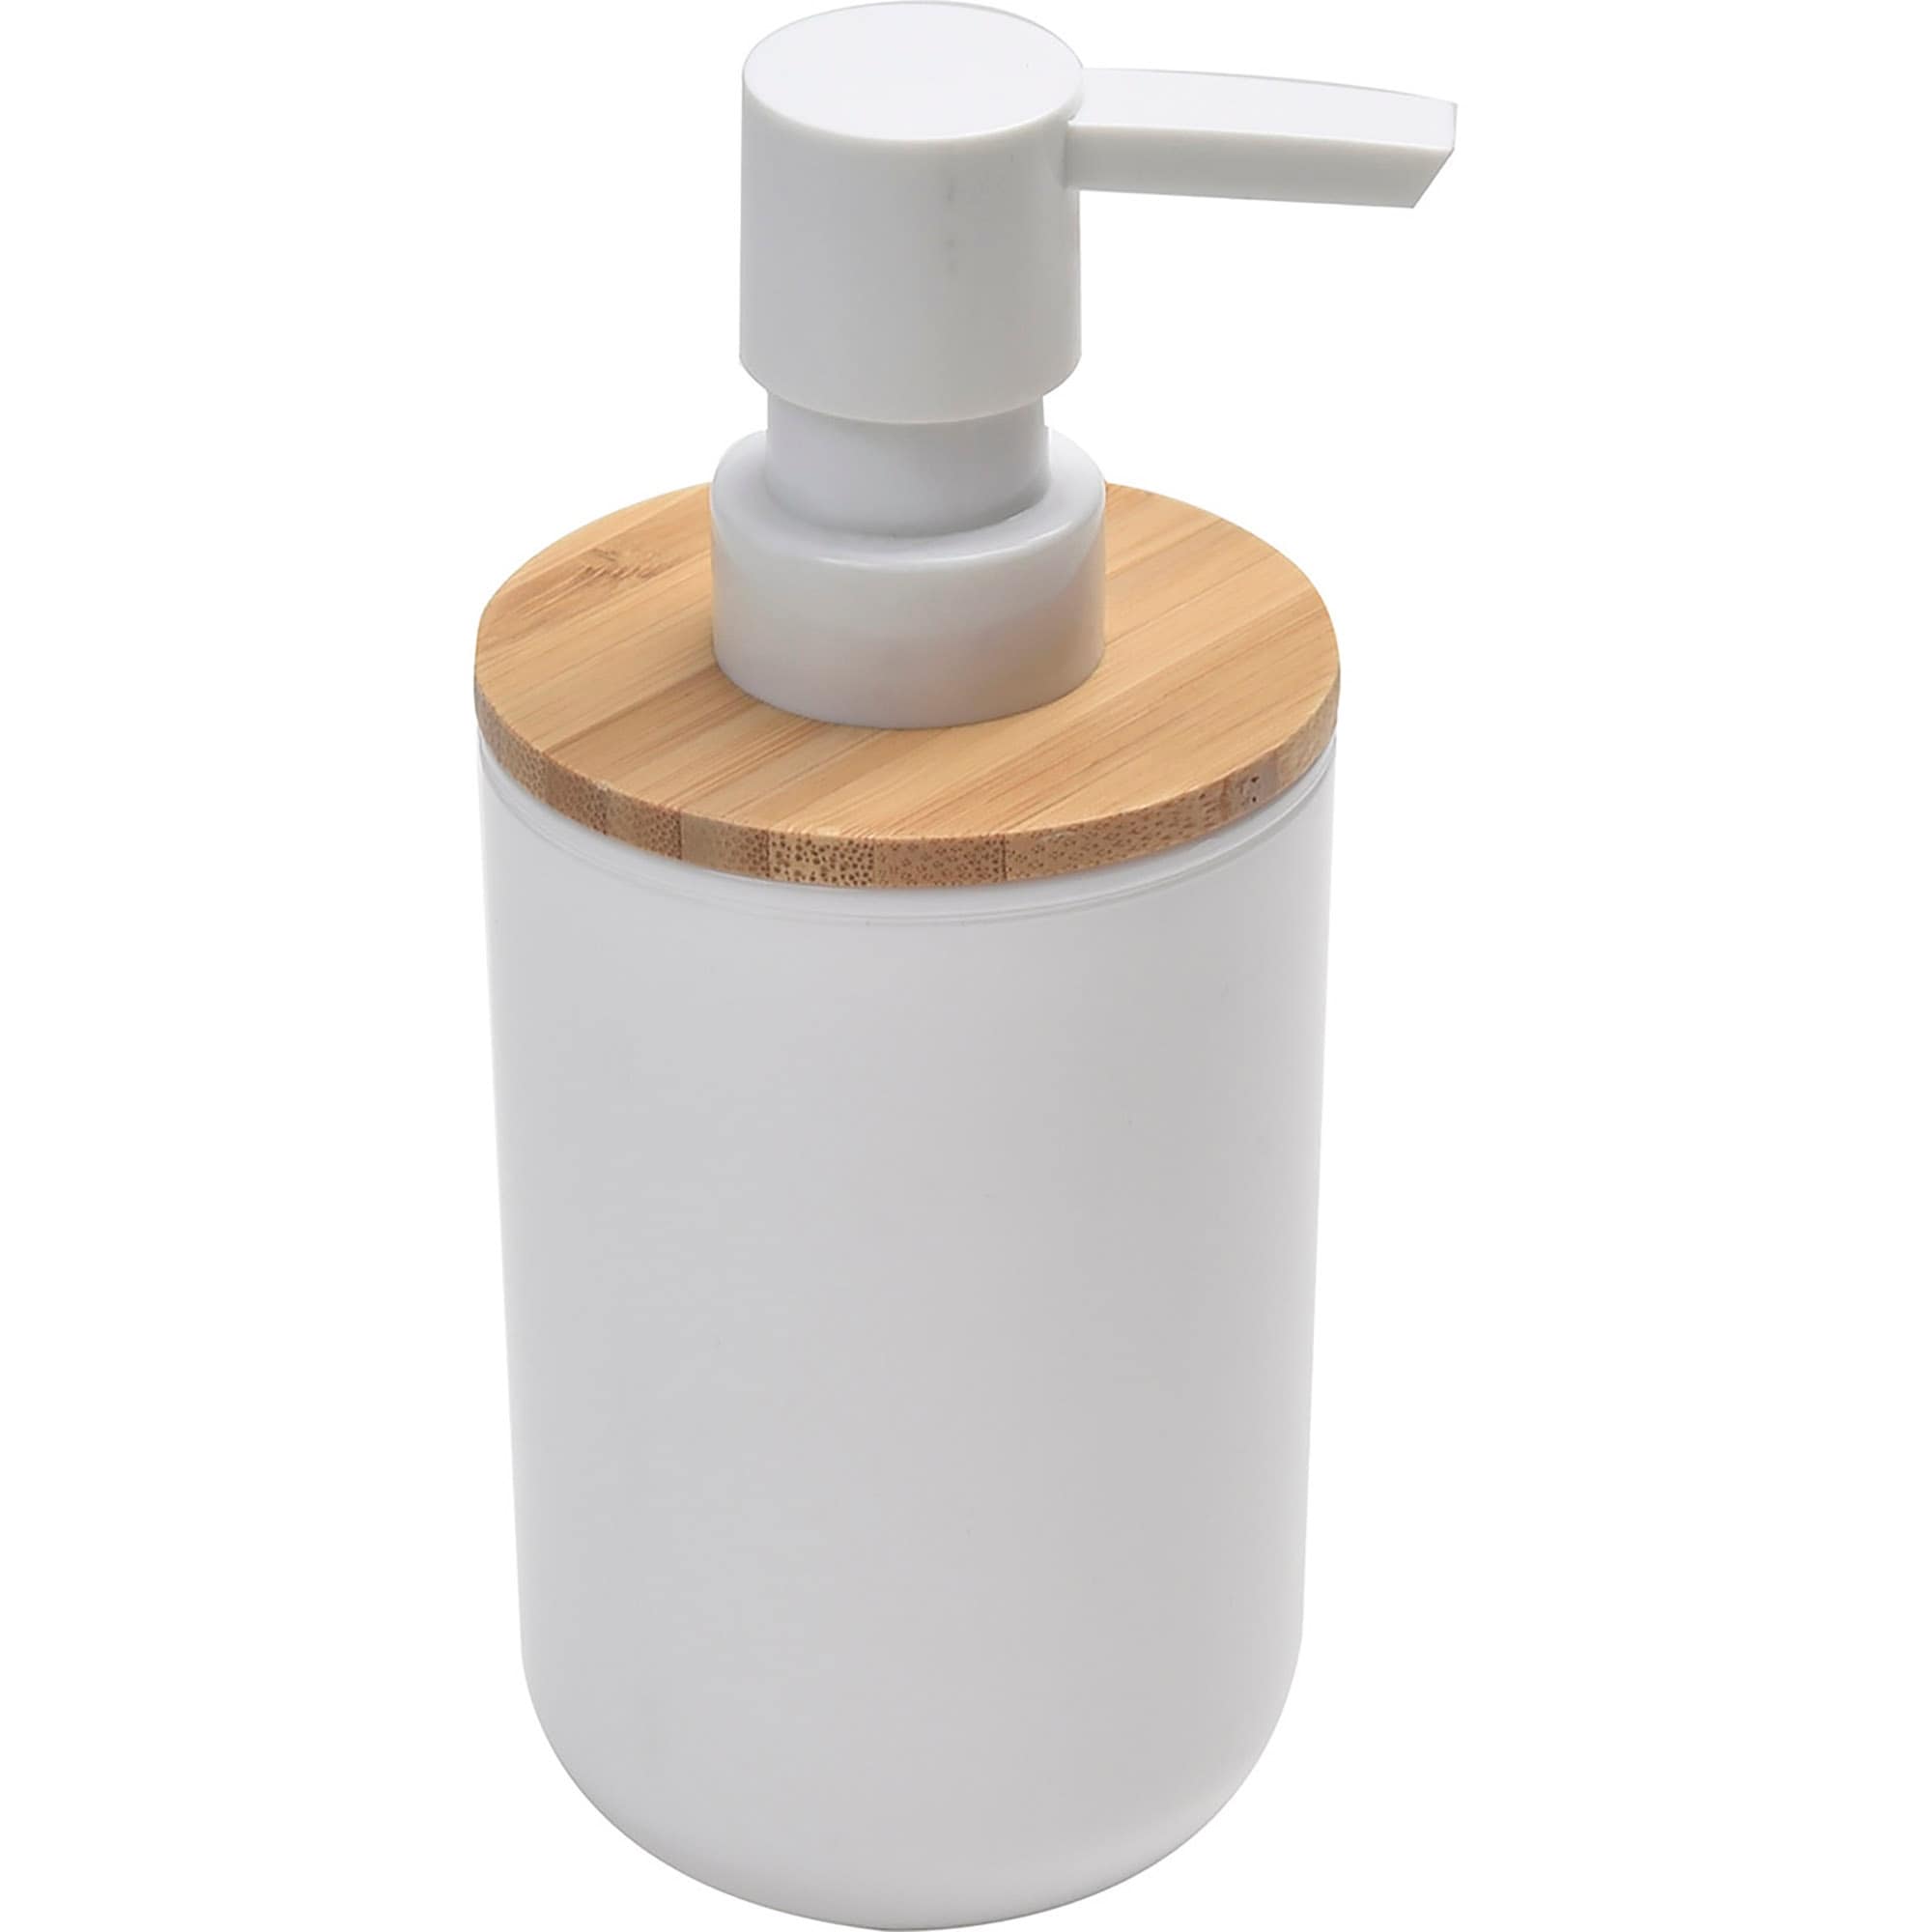 https://ak1.ostkcdn.com/images/products/is/images/direct/cab21184b9a0d607f7f89dfc483b835e03330705/Bathroom-Hand-Soap-%26-Lotion-Dispenser-PADANG-10-FL-OZ-White-Bamboo.jpg
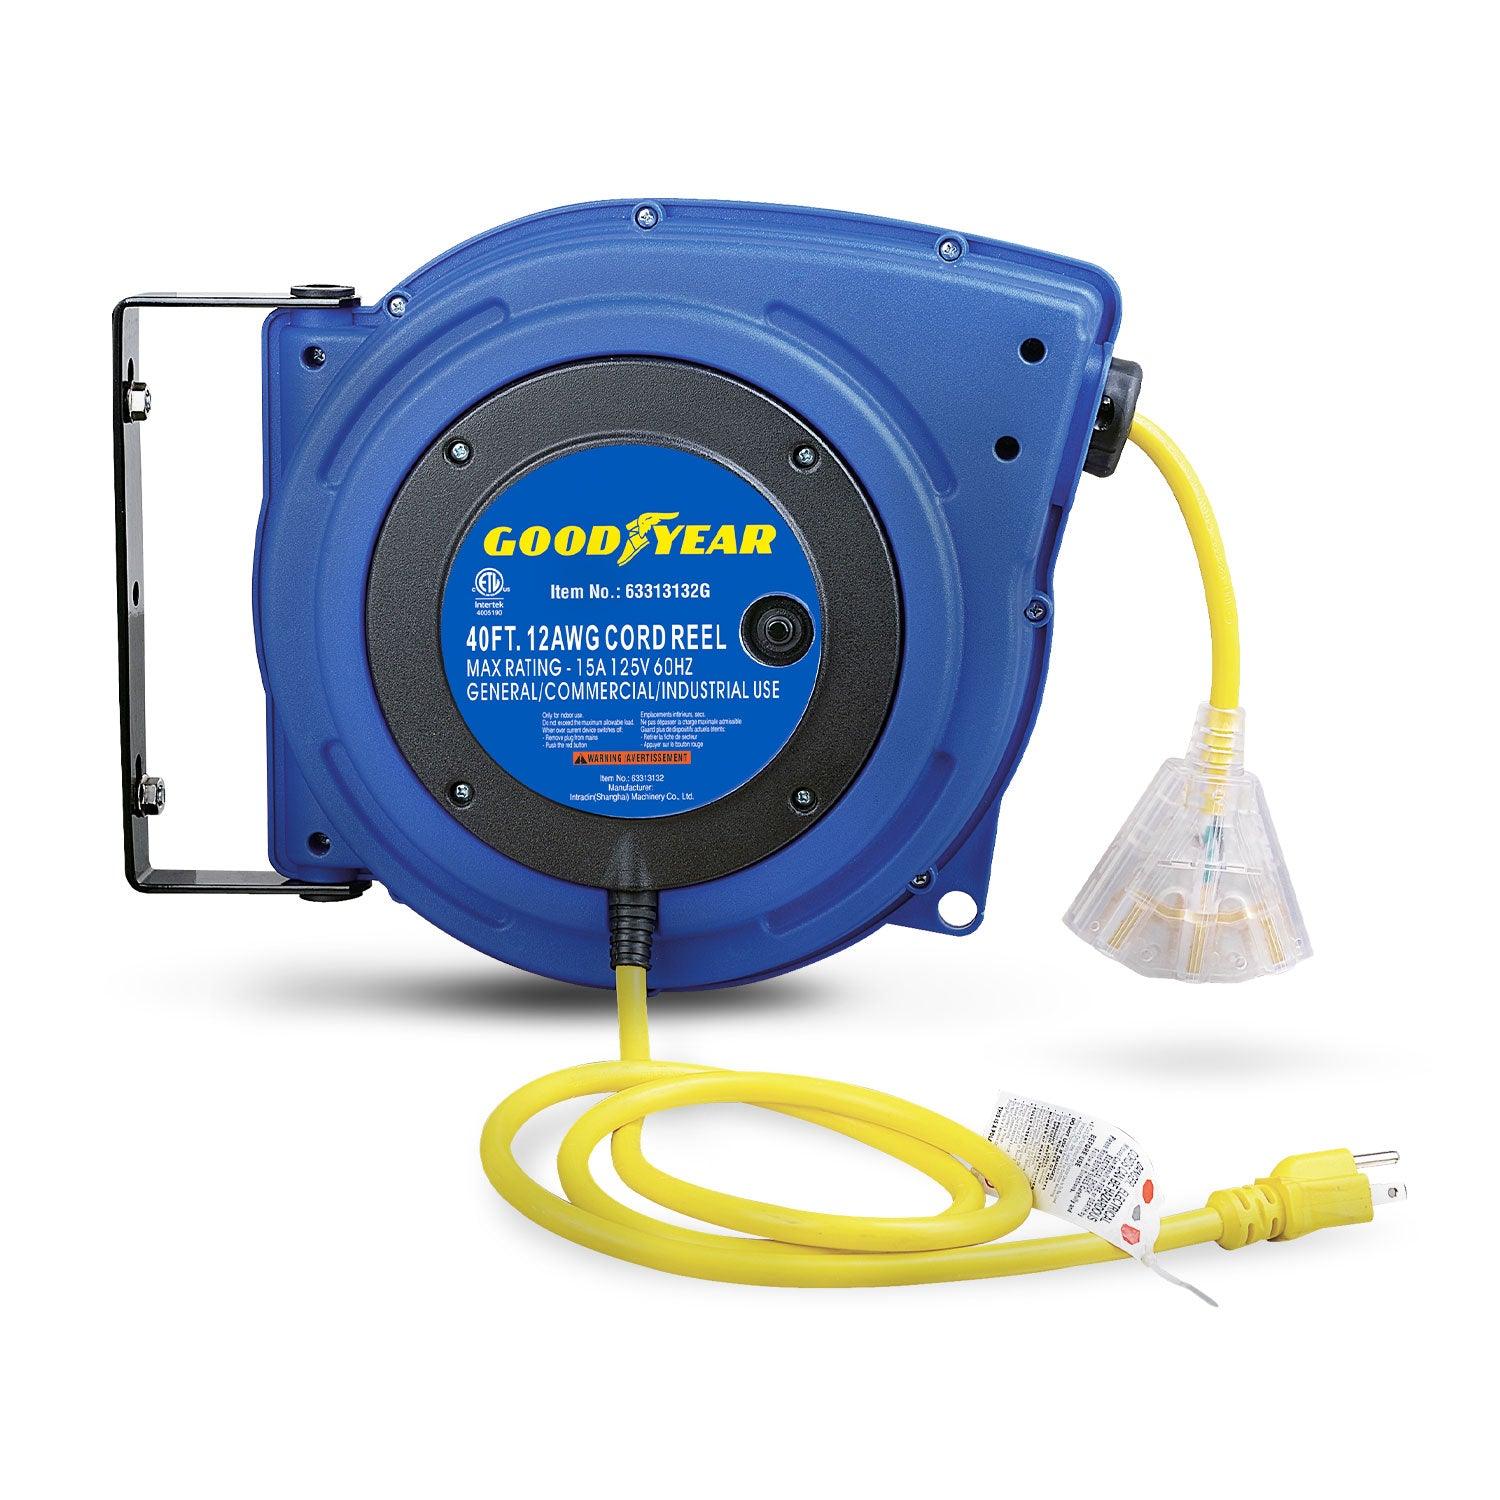 Goodyear Extension Cord Reel - 12AWG x 40' Ft, 3 Grounded Outlets, Max
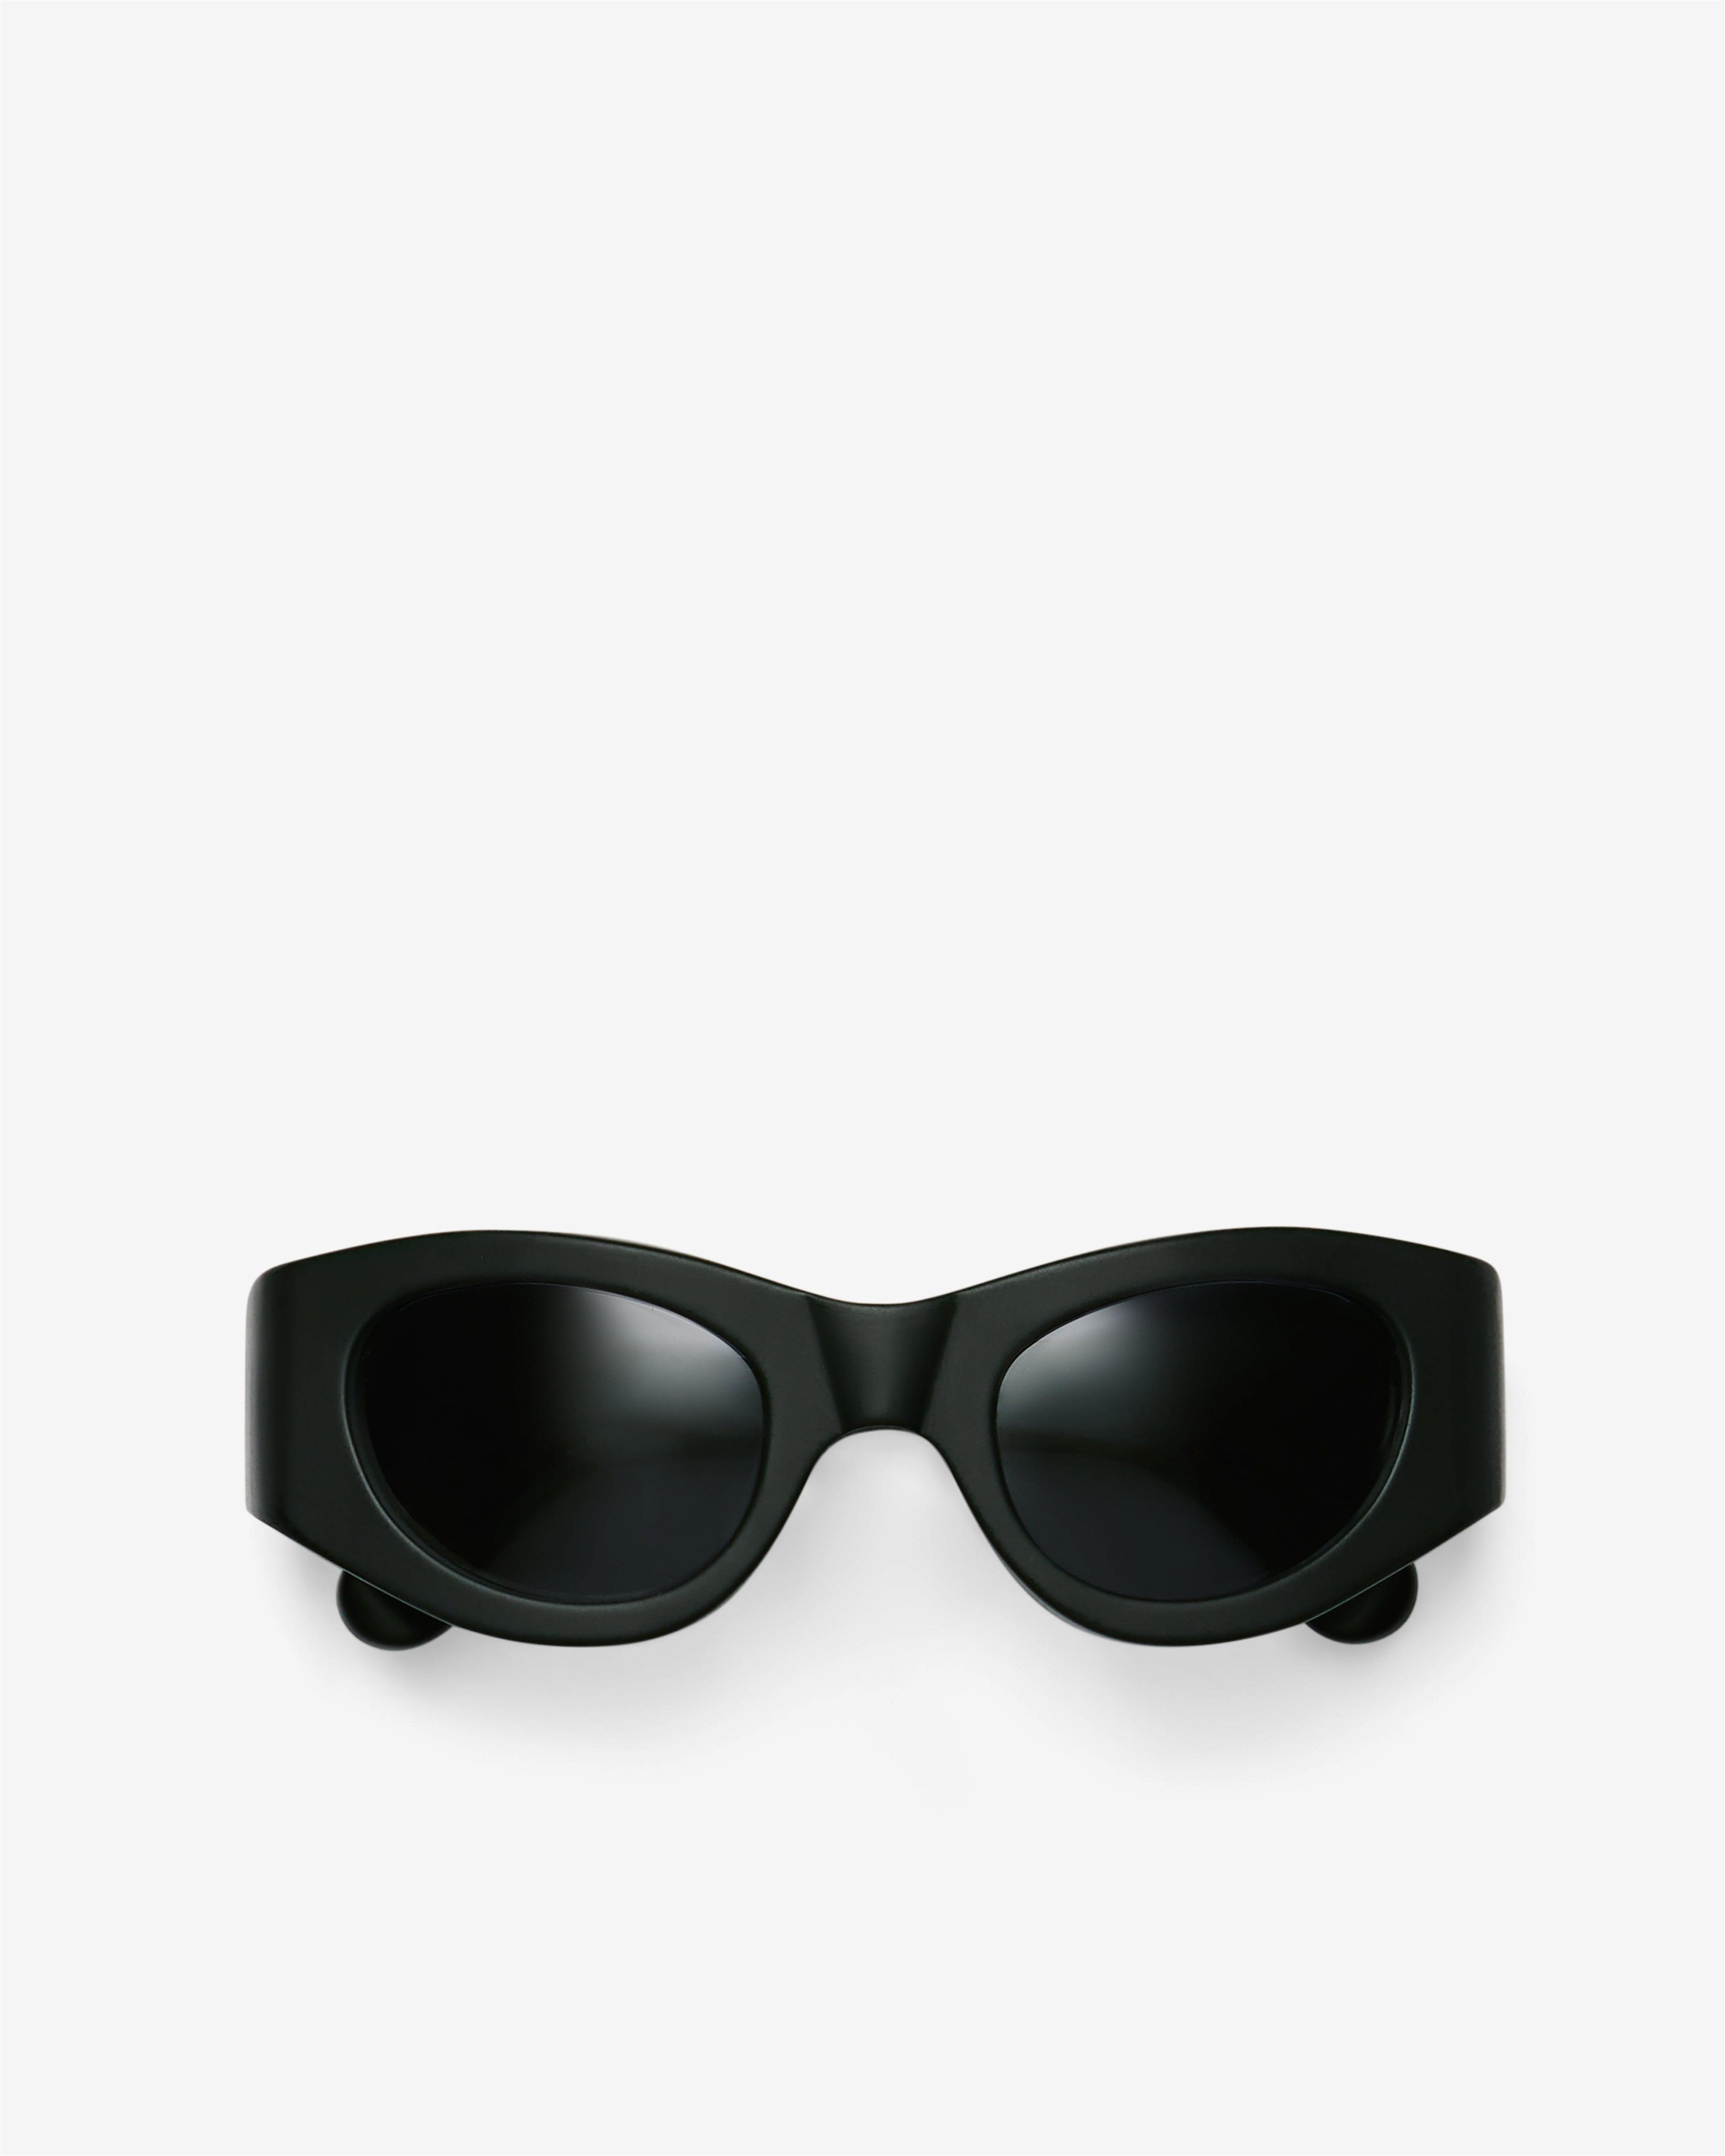 ERL - Bro Sunglasses - (Black) by ERL

================

▸ **Activity**: Without the pictures, transcribe the lines from the one containing "Goodyear Extension Cord" through the end of the data, exactly and only those.

▸ **Response below**:
 Goodyear Extension Cord Reel - 12AWG x 40' Ft, 3 Grounded Outlets, Max
 ERL - Bro Sunglasses - (Black) by ERL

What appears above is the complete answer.